File spoon-archives/marxism-international.archive/marxism-international_1997/marxism-international.9707, message 74


Date: Fri, 4 Jul 1997 02:44:20 -0400 (EDT)
From: Andrew Wayne Austin <aaustin-AT-utkux.utcc.utk.edu>
Subject: Re: To Malecki and Sparrow (Was Re: M-I: "Bourgeois Freedoms")


Jim,

I thank you for your post. I have a question for you (and anybody else). 
Let me give you a concrete example. In the United States, several years
ago, a white supremacist wrote a book called the *Turner Diaries*. The
book advocated violence against minorities and against the government
believed to have been taken over by outside forces. The book describes the
bombing of a US federal building. The Oklahoma City bombing was strikingly
similar to that depicted in the book.
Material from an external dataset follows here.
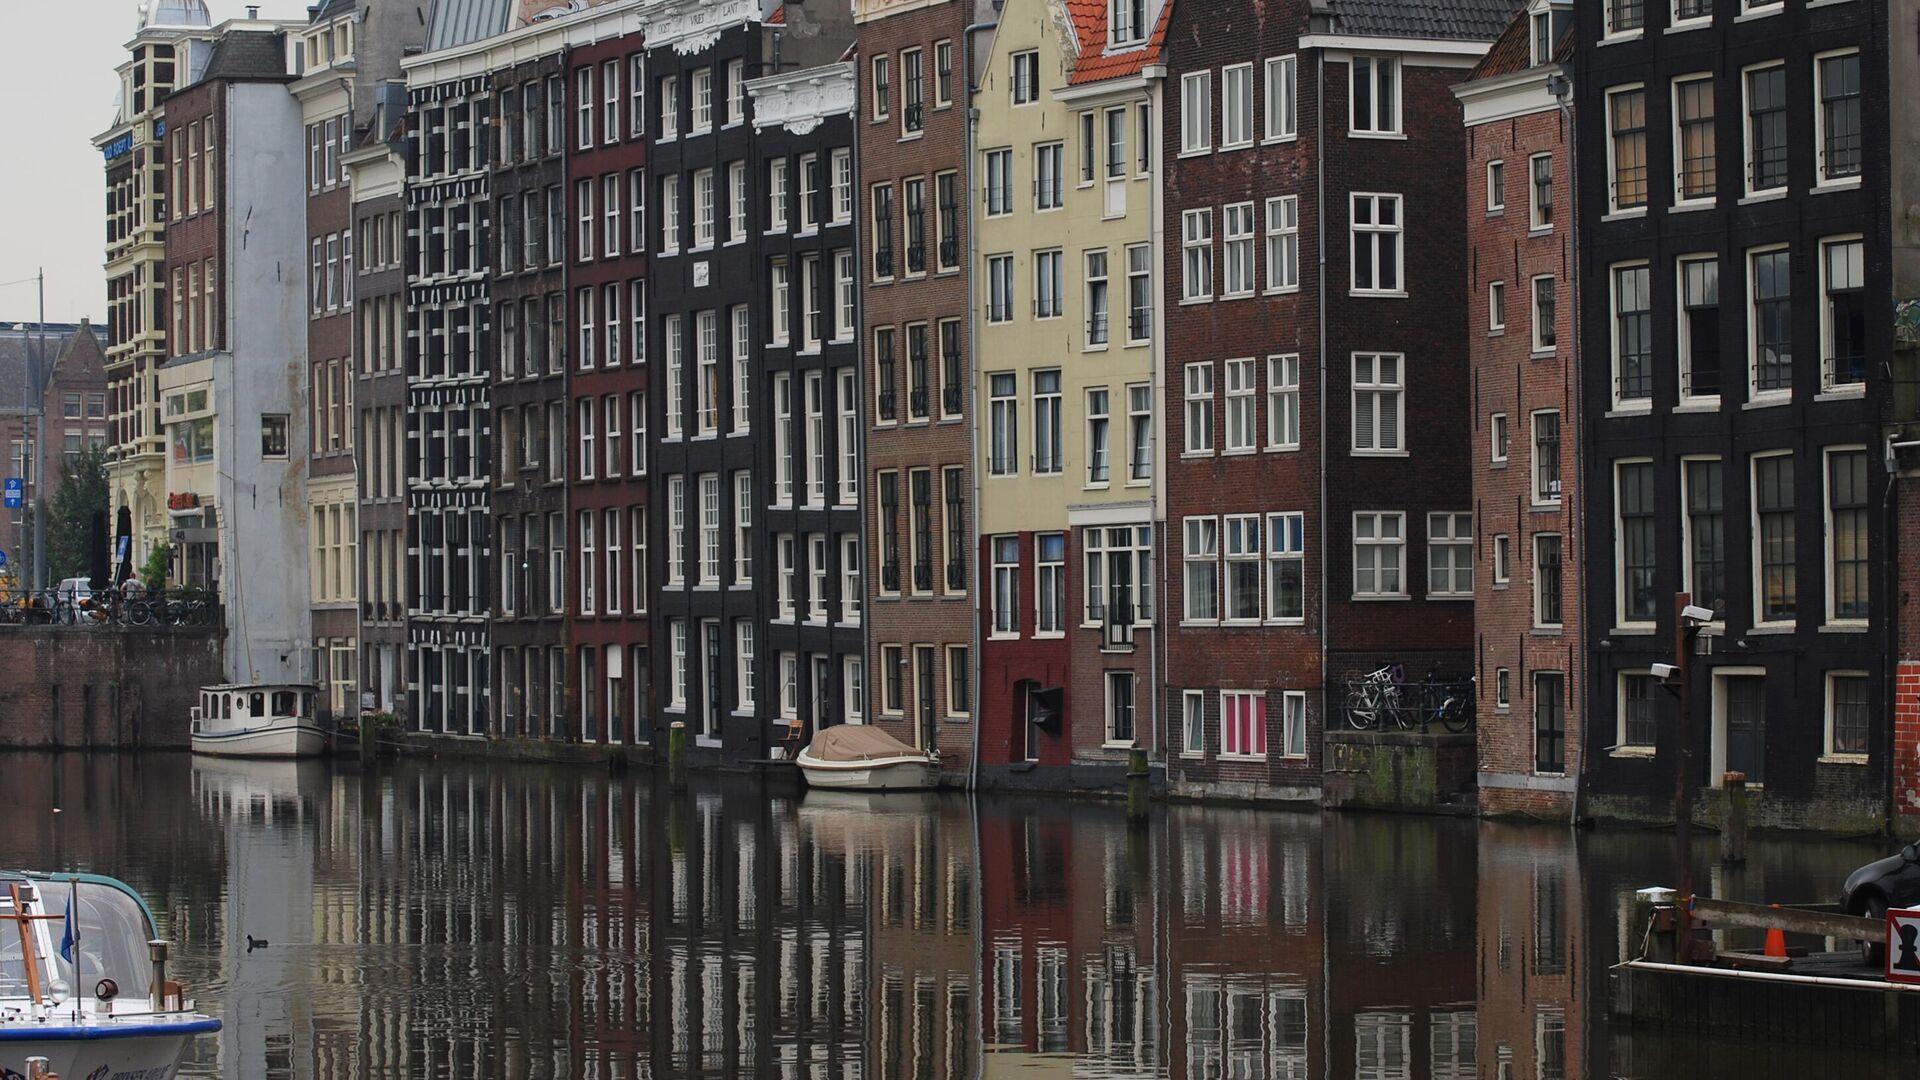 Ámsterdam (Países Bajos) - Sputnik Mundo, 1920, 11.02.2021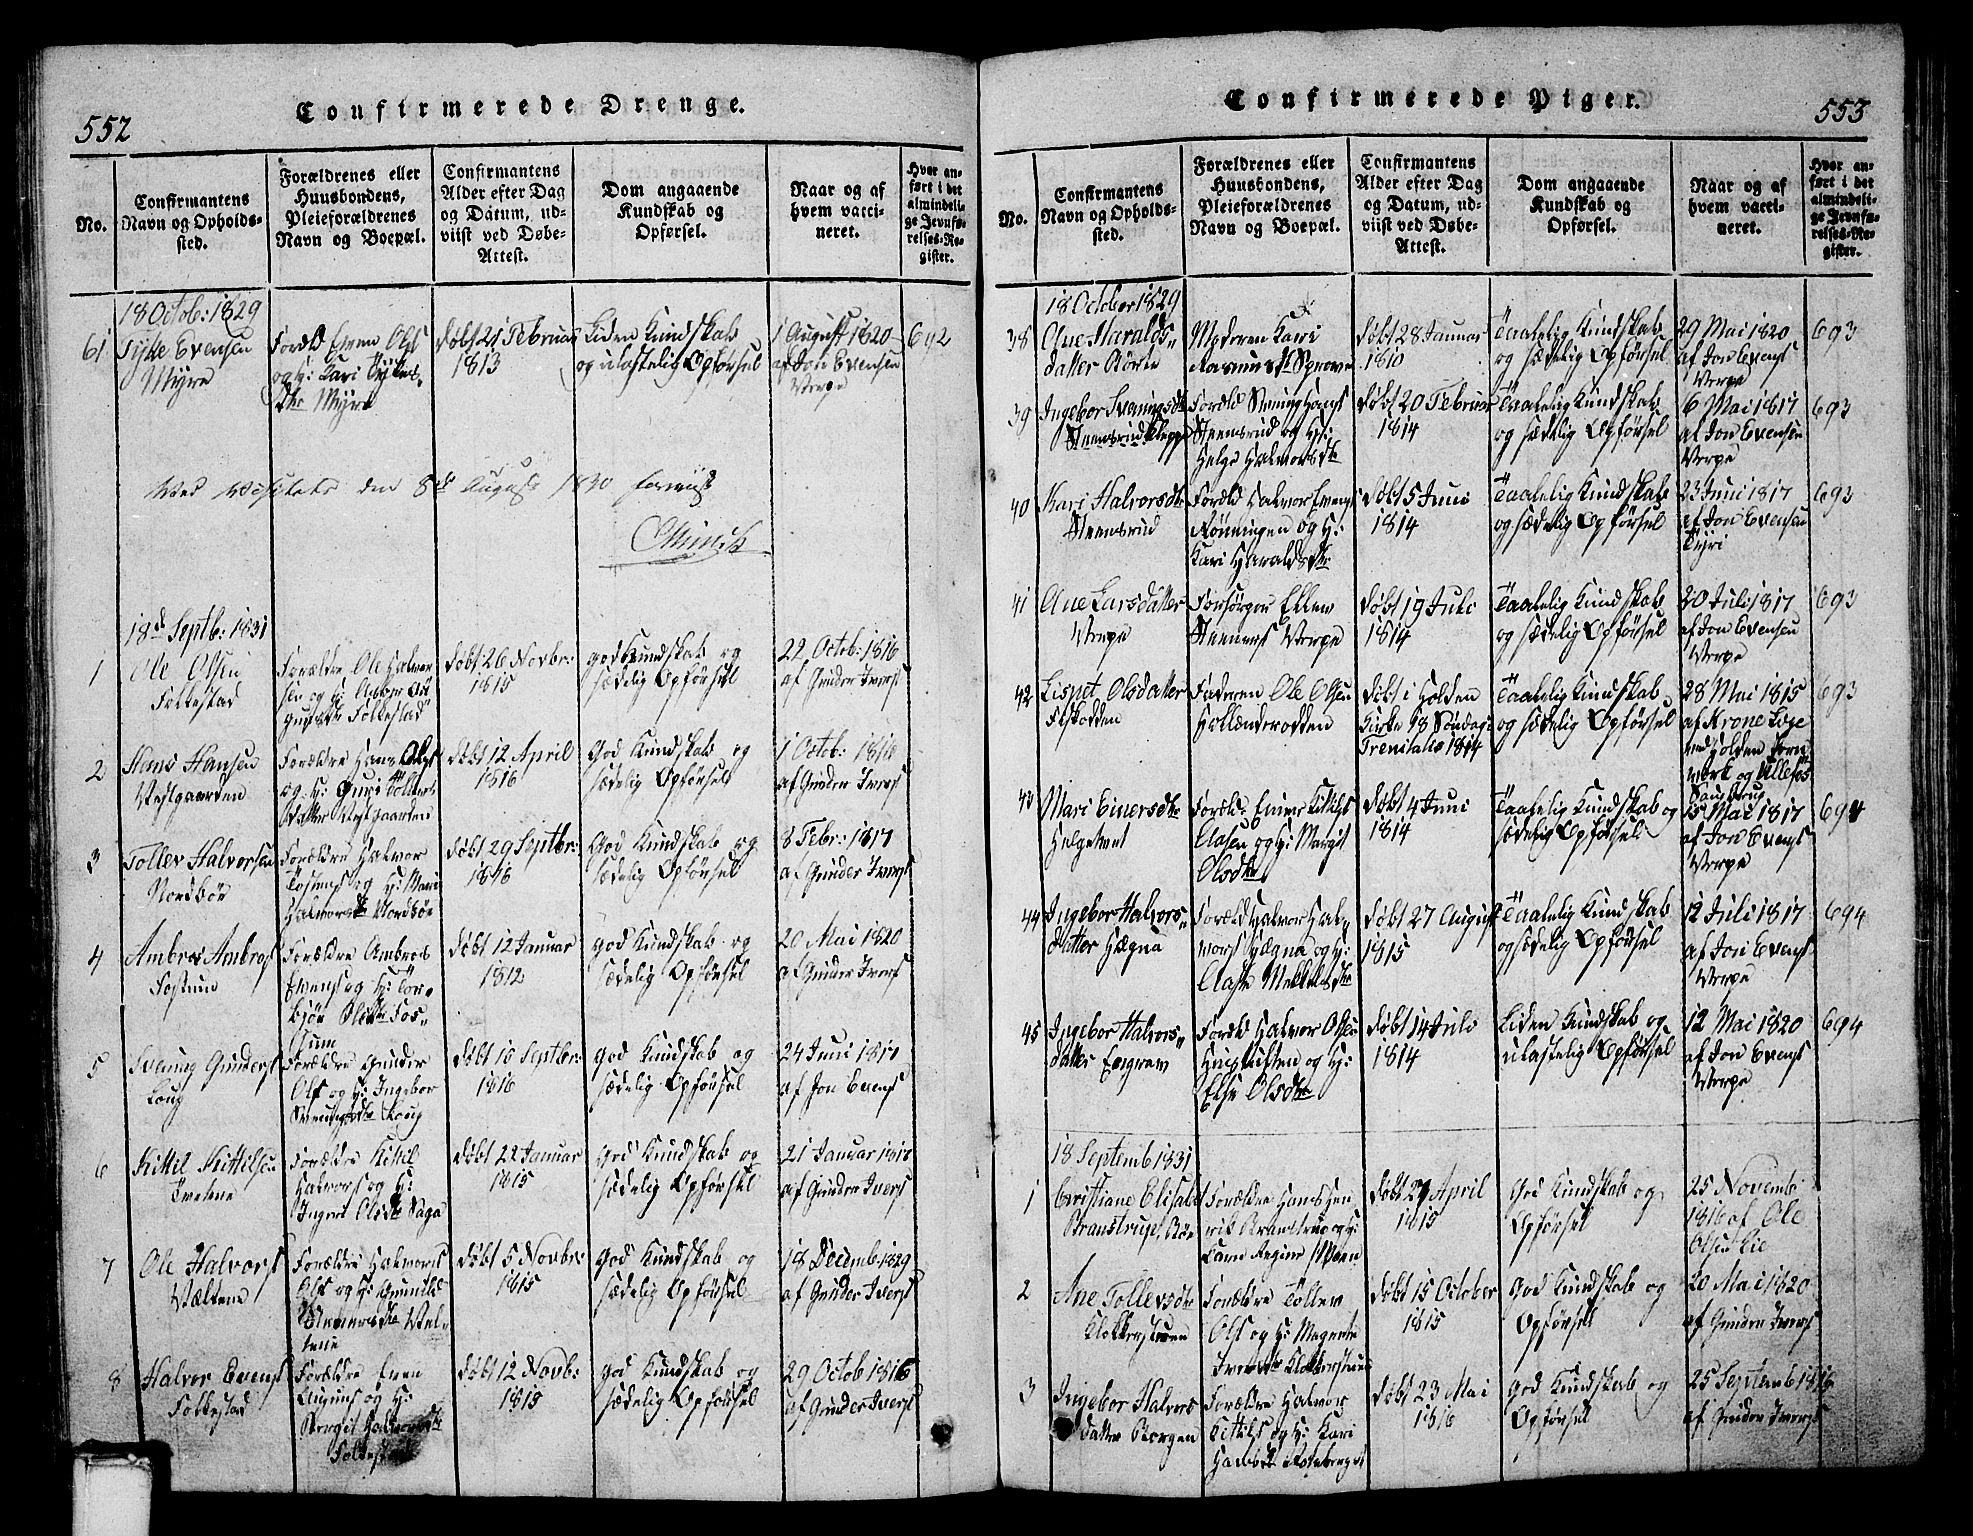 SAKO, Bø kirkebøker, G/Ga/L0001: Klokkerbok nr. 1, 1815-1831, s. 552-553

Not to mention that all sorts of
white supremacists organizations sprang up around the book, or adopted it
as a sort of blueprint for action. My question is this: should that book
have been banned? Should the author be prosecuted for having planted the
idea in Timothy McVeigh's head to bomb the federal building in Oklahoma? 
Based on your assertion that fascists can't meet and speak except with
violence in mind (which is a categorical imperative the equivalent of
which would be saying that revolutionary Marxists can't meet without
violence in mind, which I see as fallacious), what would you do about such
books and fascist organizations who read this book?